She is either a Sutter fever dream, or maybe his smartest MacGuffin.

She could mean either nothing -- or everything, as the clue to the entire series and to Jax, and to the meaning all that came before and all that may follow. (Sutter is, you know, planning sequels and prequels. We may never be able to escape SAMCRO.)

So today, readers, let's decide once and for all who the Homeless Lady is, thereby settling this debate and moving on to other important matters -- like the real work I'm supposed to do today.

But this is all just too much fun. I can't help myself.

Let's start with the obvious. The ghost ... "Who are you?" Jax asks, which of course is meant to evoke Hamlet's question of that phantom who walked the battlements of Elsinore, Hamlet's own murdered father, who then explained to Hamlet that he had been murdered by the husband of Hamlet's mother, and that Hamlet must seek revenge, etc.

As "SOA" fans know -- really, this is almost too obvious to point out, but here goes, anyway -- Sutter has long evoked "Hamlet" as the superstructure for his overall story.

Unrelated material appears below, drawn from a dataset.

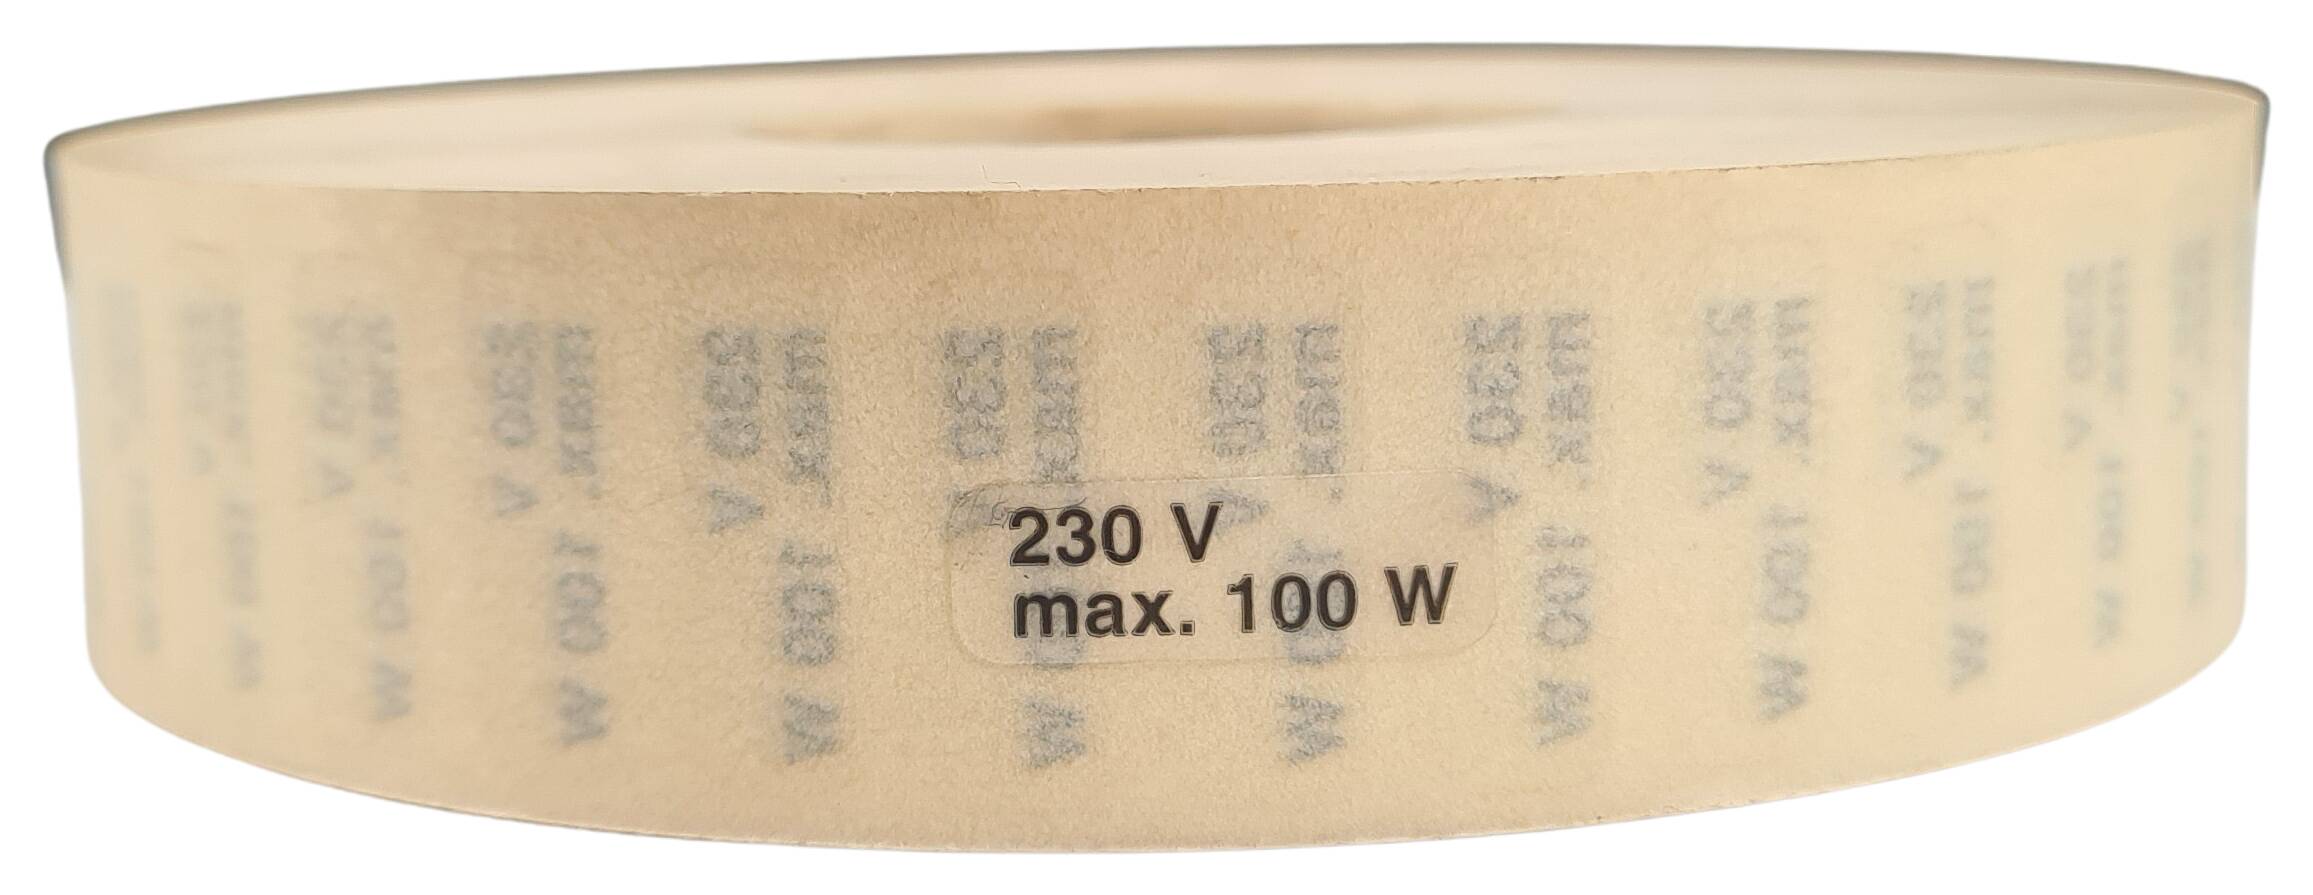 Etikett 230V max. 100W 21x7 mm transparent

He reinforces this with the final quote on screen: "Doubt thou the stars are fire, doubt that the sun doth move, doubt truth to be a liar, but never doubt I love ... "

Nice touch, Kurt, and a tricky one, too. For this is from the letter that Hamlet sends to Ophelia, and which Polonius sees as evidence of his madness. (If I'm wrong, Shakespeare scholars, please don't hesitate to holler. But if memory serves. ... )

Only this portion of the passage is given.